Association of Metabolic Syndrome With Prevalence of Obstructive Sleep Apnea and Remission After Sleeve Gastrectomy

Yufei Chen, Lijia Chen, Lingxia Ye, Jiabin Jin, Yingkai Sun, Ling Zhang, Shaoqian Zhao, Yifei Zhang, Weiqing Wang, Weiqiong Gu, Jie Hong, Yufei Chen, Lijia Chen, Lingxia Ye, Jiabin Jin, Yingkai Sun, Ling Zhang, Shaoqian Zhao, Yifei Zhang, Weiqing Wang, Weiqiong Gu, Jie Hong

Abstract

Obesity is an important risk factor for metabolic syndrome and obstructive sleep apnea (OSA). Bariatric surgery has been shown to effectively reduce weight and obesity-related comorbidities. However, the prevalence and severity of OSA in obese patients with different baseline metabolic states and the improvements of OSA after bariatric surgery remain unknown. The main aims of this study were to ascertain the prevalence of OSA in young Chinese obese patients with different metabolic states and to evaluate their respective OSA remission after laparoscopic sleeve gastrectomy. We first performed a cross-sectional study involving 123 metabolically healthy obese patients and 200 metabolically unhealthy obese patients (who had the same age and BMI ranges) to estimate the prevalence of OSA at baseline. Then we performed a retrospective study, which was registered at ClinicalTrials.gov (ref. NCT02653430) of 67 patients who underwent laparoscopic sleeve gastrectomy to evaluate the remission of OSA. Metabolically healthy and unhealthy obese patients had similar apnea-hypopnea index levels (16.6 ± 22.0 vs. 16.7 ± 18.7 events/h, P = 0.512) and prevalence of OSA (66.7% vs. 69.0%, P = 0.662). Male sex, age, waist circumference and lower liver-to-spleen ratio were independent risk factors for OSA. After laparoscopic sleeve gastrectomy, no difference was found in the decrease in body mass index (BMI) change (10.8 ± 4.8 vs. 10.8 ± 3.0 kg/m2, P = 0.996) or the decrease in the apnea-hypopnea index (18.9 ± 24.6 vs. 17.0 ± 24.0 events/h, P = 0.800). The remission of moderate-to-severe OSA was observed in the MHO (36.3%; 54.5-18.2%, P = 0.125) and MUO (32.2%; 66.1-33.9%, P = 0.001) patients.
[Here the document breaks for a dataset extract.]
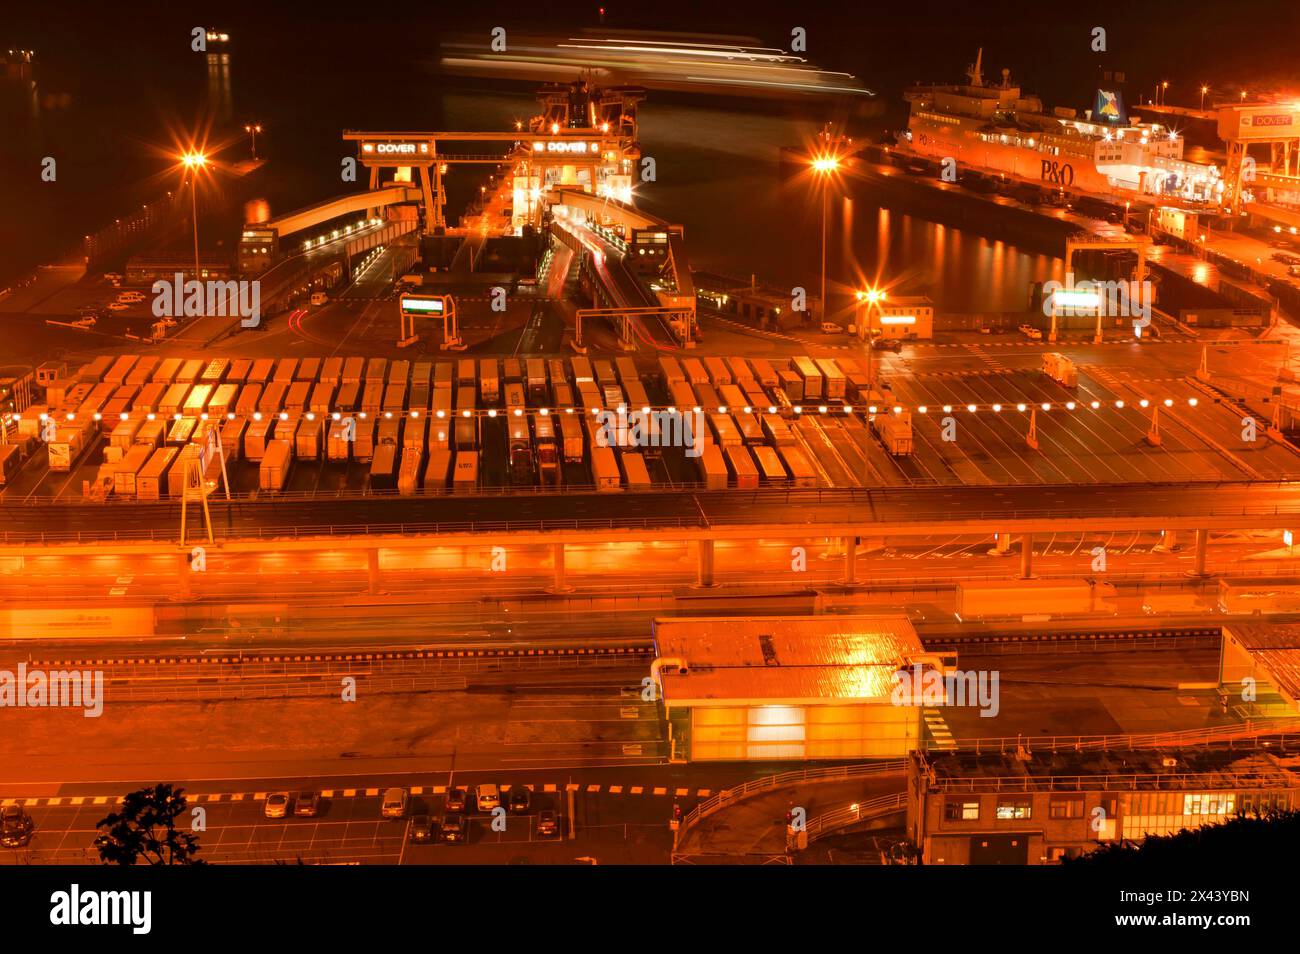 Nächtliches Bild von einem Blick auf den Cross-Channel-Fährhafen im Hafen von Dover mit Auto Ferries, die an den östlichen Docks beladen werden Stockfoto

These results suggest that, in patients with obesity, metabolic syndrome does not add extra risk for the prevalence or severity of OSA. Both metabolically healthy and unhealthy obese patients could benefit equally from laparoscopic sleeve gastrectomy in terms of weight loss and obstructive sleep apnea remission.

Keywords: laparoscopic sleeve gastrectomy; metabolic syndrome; metabolically healthy obesity; metabolically unhealthy obesity; obstructive sleep apnea.

Conflict of interest statement

The authors declare that the research was conducted in the absence of any commercial or financial relationships that could be construed as a potential conflict of interest.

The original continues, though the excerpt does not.